Problem requirements: The answer must consist only of the lines from the line with "ピアノとAGが作る穏やかな歌ものポップスの未再生の波形" to the line with "Lettera ai comunisti", both included, exactly as they stand below.

Study material:
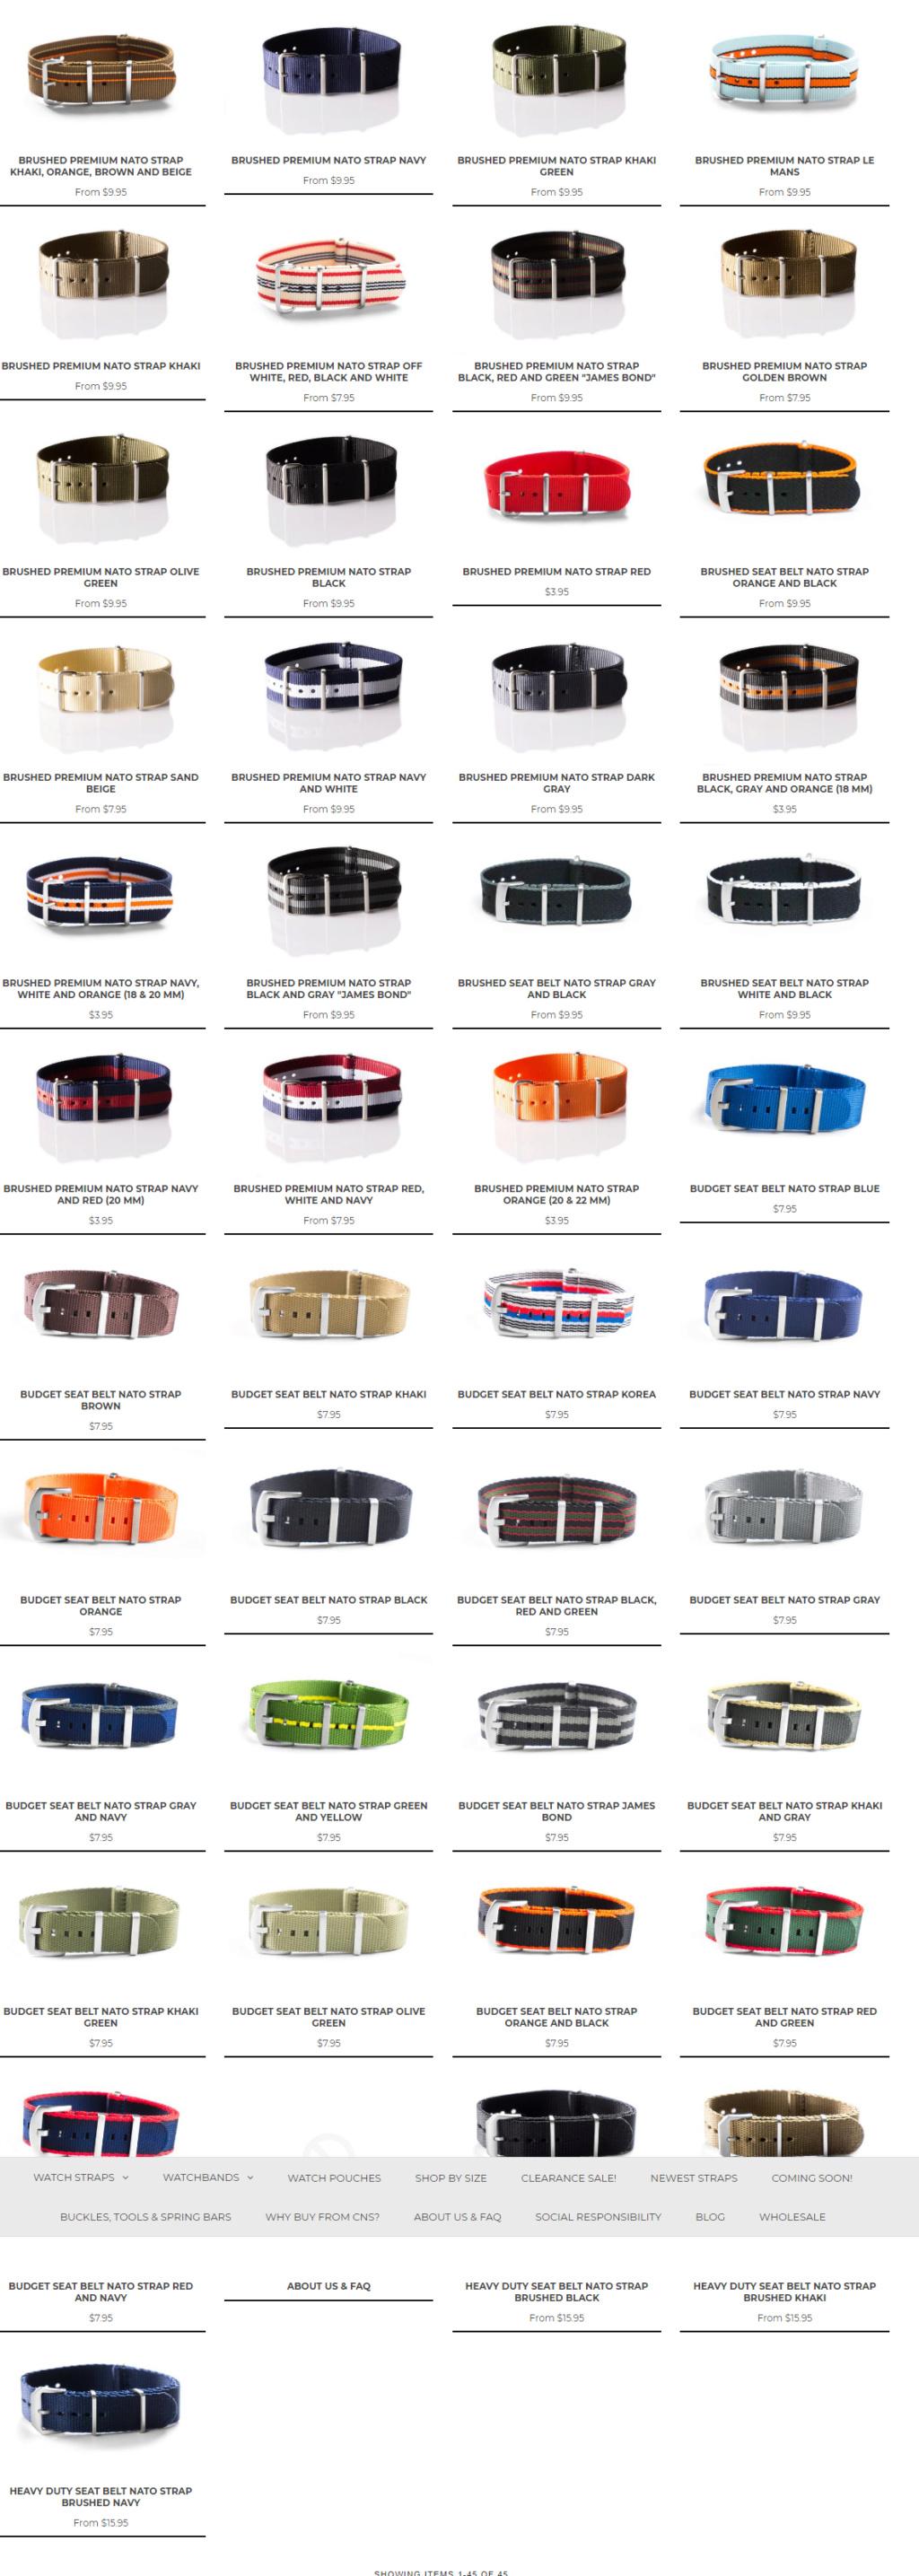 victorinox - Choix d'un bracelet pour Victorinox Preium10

...

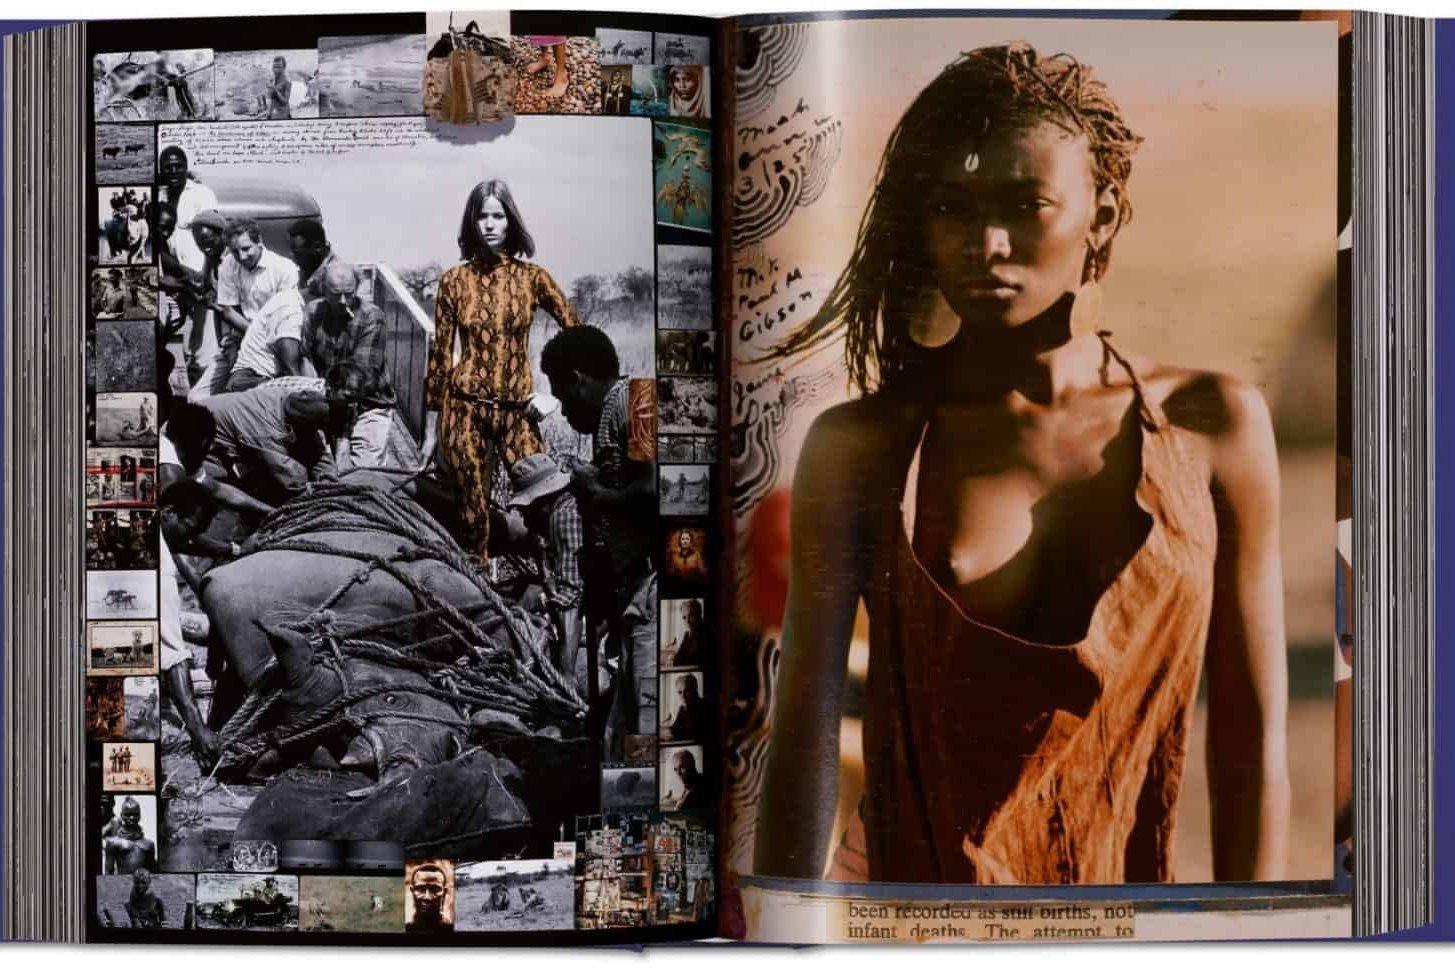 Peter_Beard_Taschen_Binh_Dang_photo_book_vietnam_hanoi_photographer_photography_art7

--

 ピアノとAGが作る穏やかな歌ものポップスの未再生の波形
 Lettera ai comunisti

Task response:
 ピアノとAGが作る穏やかな歌ものポップスの未再生の波形
 Lettera ai comunisti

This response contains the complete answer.